ReAct (Reasoning + Acting)
Prompting method combining reasoning traces with action execution.
Agent Loop
Continuous cycle of thought-action-observation in autonomous agents.
Chain-of-Tools
Sequencing multiple tool invocations to accomplish complex tasks.
Excessive Agency
Security risk when AI systems have too much autonomy or permissions.
Red Teaming
Adversarial testing to find vulnerabilities through simulated attacks.
Fuzz Testing
Automated testing with random/invalid inputs to find vulnerabilities.
Benchmark
Standardized test for evaluating model performance on specific tasks.
Evaluation Dataset
Curated set of inputs used to assess model capabilities or safety.
Guardrail
System or code preventing LLM from generating unsafe outputs.
Content Filter
Mechanism blocking generation of prohibited content types.
Bleed
Information leaking between conversation sessions or contexts.
SBOM (Software Bill of Materials)
List of software components for security and compliance tracking.
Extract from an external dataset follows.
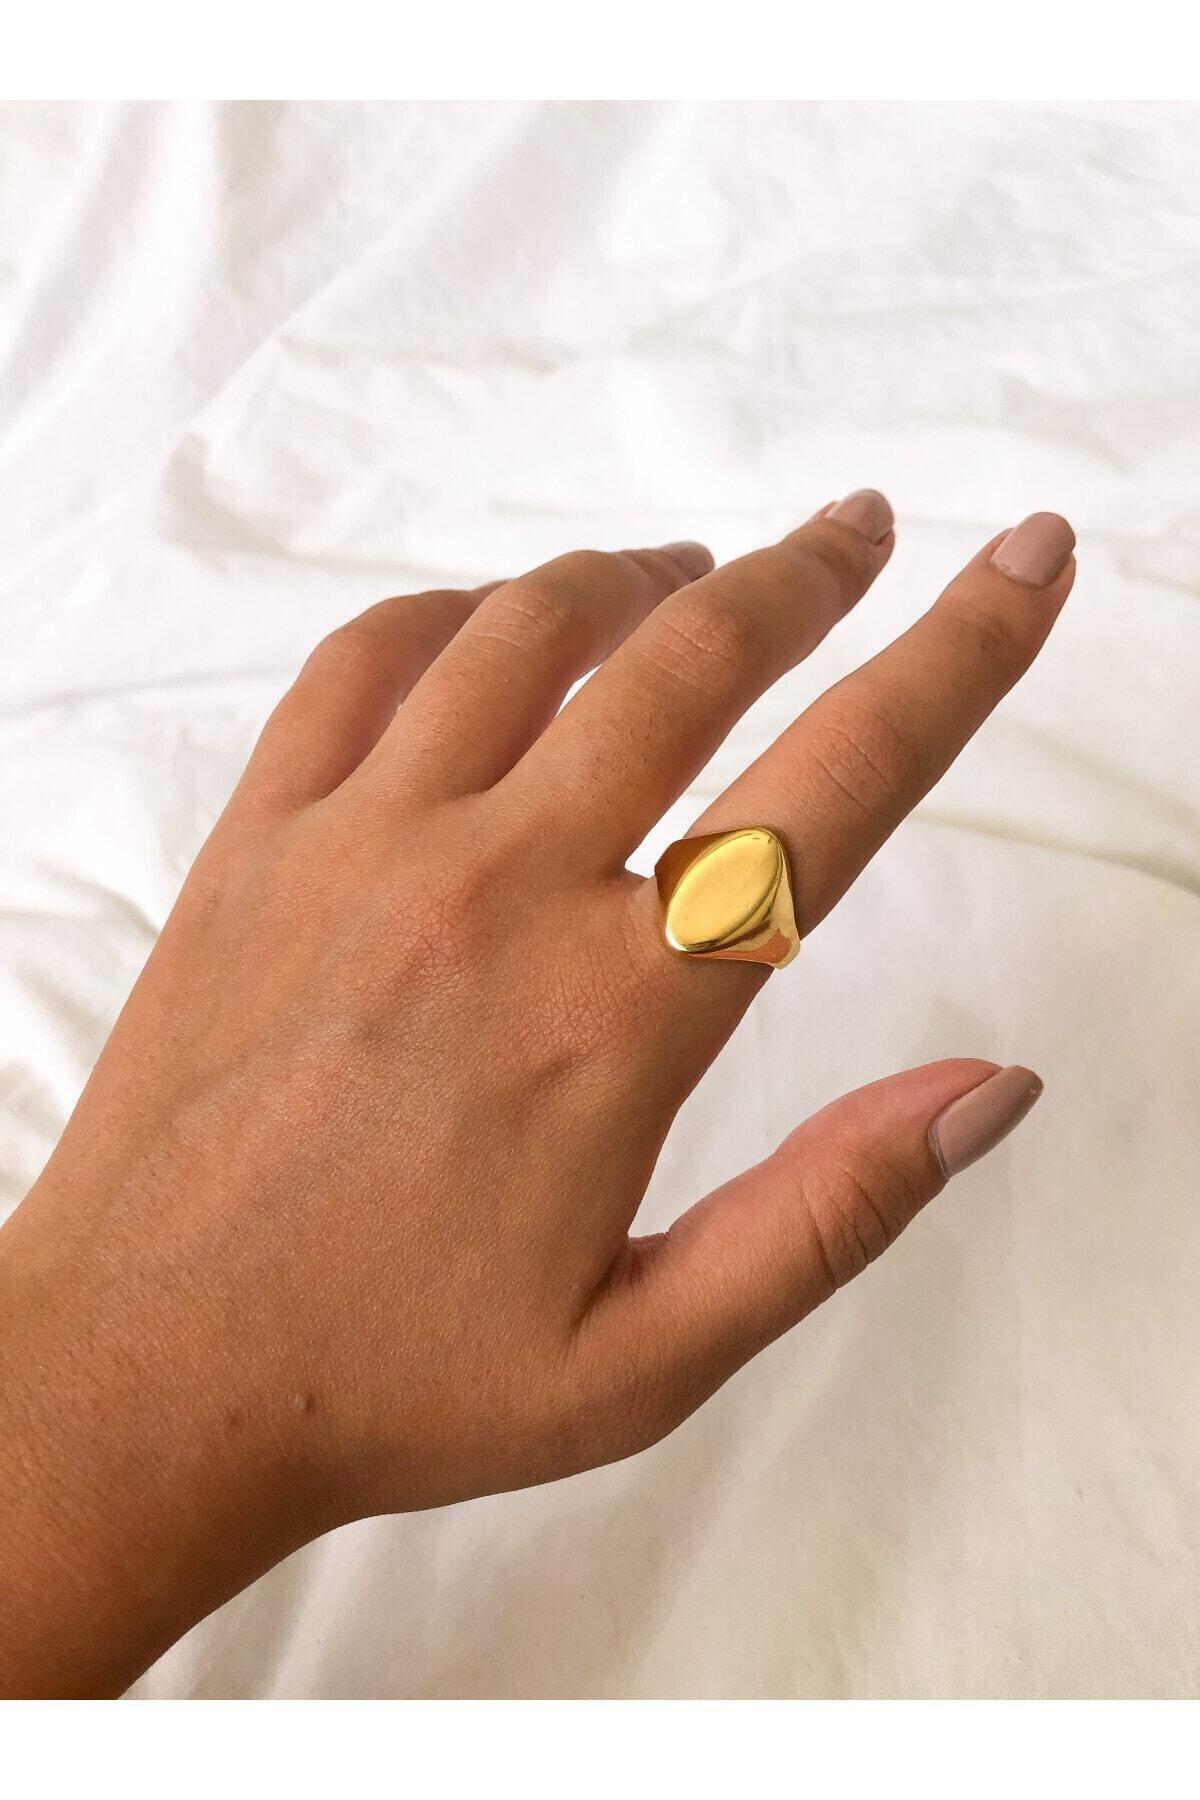 The Y Jewelry Altın Kaplama Plaka Yüzük -ayarlanılabilir 1

AIBOM (AI Bill of Materials)
Inventory of AI model components including data, weights, and dependencies.
EU AI Act
European Union regulation on artificial intelligence risk categories.
NIST AI RMF
NIST AI Risk Management Framework for trustworthy AI systems.
Model Card
Documentation detailing model capabilities, limitations, and performance.
Data Sheet
Documentation describing training data characteristics and provenance.
Responsible AI
Framework for ethical AI development and deployment practices.
DoS (Denial of Service)
Attack exhausting resources to make service unavailable.
Prompt Chaining
Multi-step attacks using sequential prompts to achieve objectives.
Role Playing
Technique where LLM adopts a persona, potentially bypassing restrictions.
Base64 Encoding
Encoding technique sometimes used to hide malicious prompts.
Unicode Homoglyph
Lookalike characters used to obfuscate malicious content.
Virtualization
Using nested contexts to hide instructions from model filters.
Defense in Depth
Multiple security layers protecting against various attack vectors.
Input Validation
Checking user input for safety before processing.
Output Sanitization
Filtering model outputs to remove sensitive or harmful content.
Rate Limiting
Restricting requests to prevent abuse or resource exhaustion.
Least Privilege
Granting minimum permissions necessary for system function.
Human-in-the-Loop
Requiring human approval for critical AI actions.
Sandboxing
Isolating AI systems to contain potential damage from attacks.